Doctors have prescribed exercise as a stress buster. Does the evidence support using exercise to lower stress?
Yes, within limits and specific applications.
Aerobic or cardiovascular exercise is key. Distance exercise, performed for 30+ minutes, is a stress reducer for several reasons. The time spent exercising allows the body to dispose of negative chemicals from stress, like adrenaline or cortisol. Exercise level, just below the burn threshold, is best for most people. Think of this in rate of perceived exertion terms, cruise control, like 60 mph in your car, is 6/10 on the effort scale. If you feel burning in the muscles, back off the intensity/effort/speed just below that level. And that level is also more than positive for blood pressure control.

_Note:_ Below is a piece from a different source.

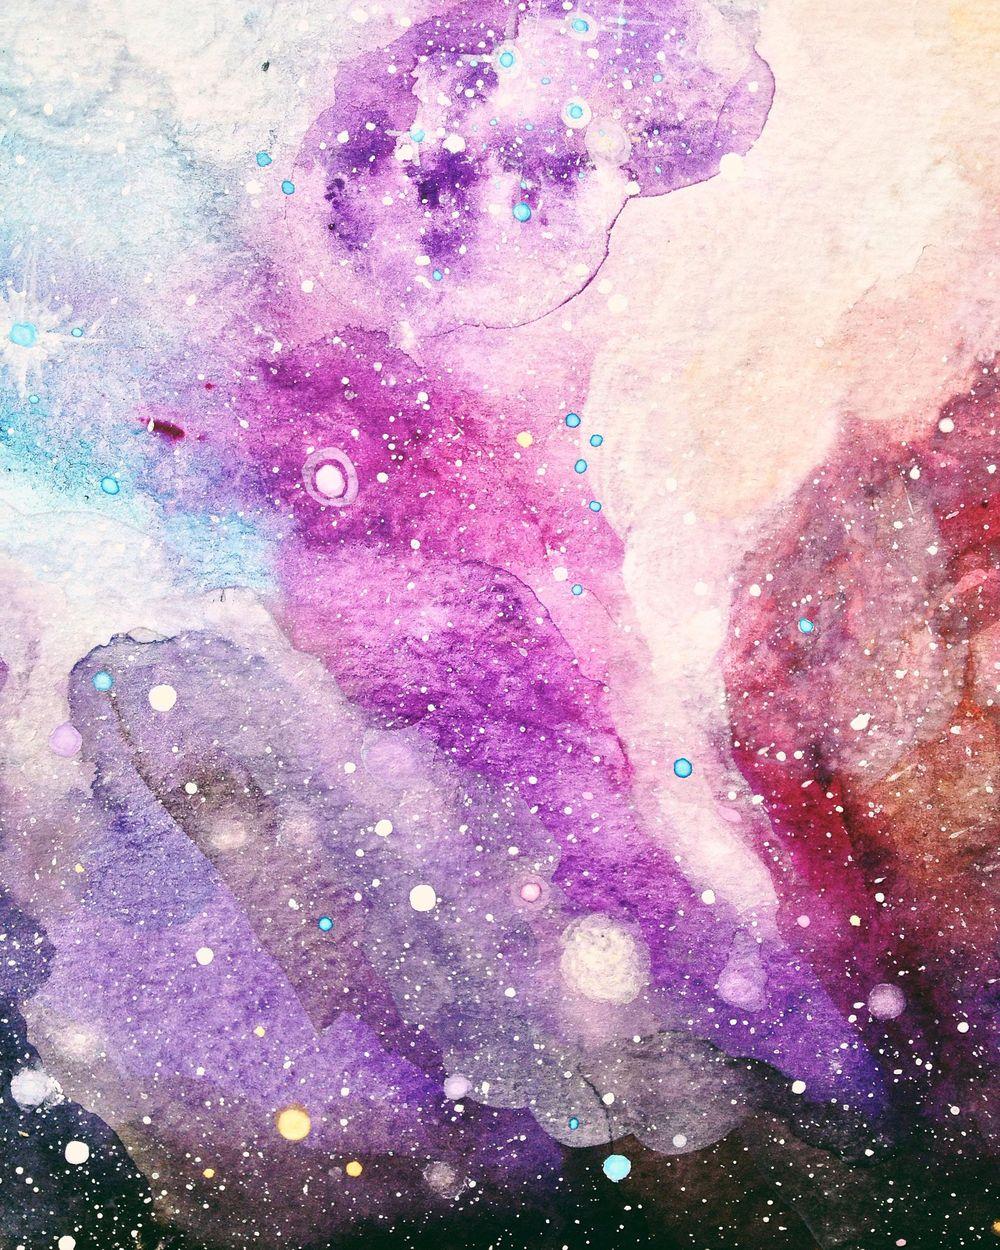 ☄ Watercolour Wonderland ☆ - image 8 - student project

What about sprint training? Anything above that and high-intensity exercise elevates those stress compounds more than lowers them. However, some people prefer the specifics of a high-intensity exercise option, like a group cycling class. Here, it may not be the cycling that is providing the mental benefit, but the constant shifting of effort in response to exercise leader instructions and the music. For those people, the effort to keep up with the musical cadence takes them away from daily life, even if only for two minutes. It is a content against yourself.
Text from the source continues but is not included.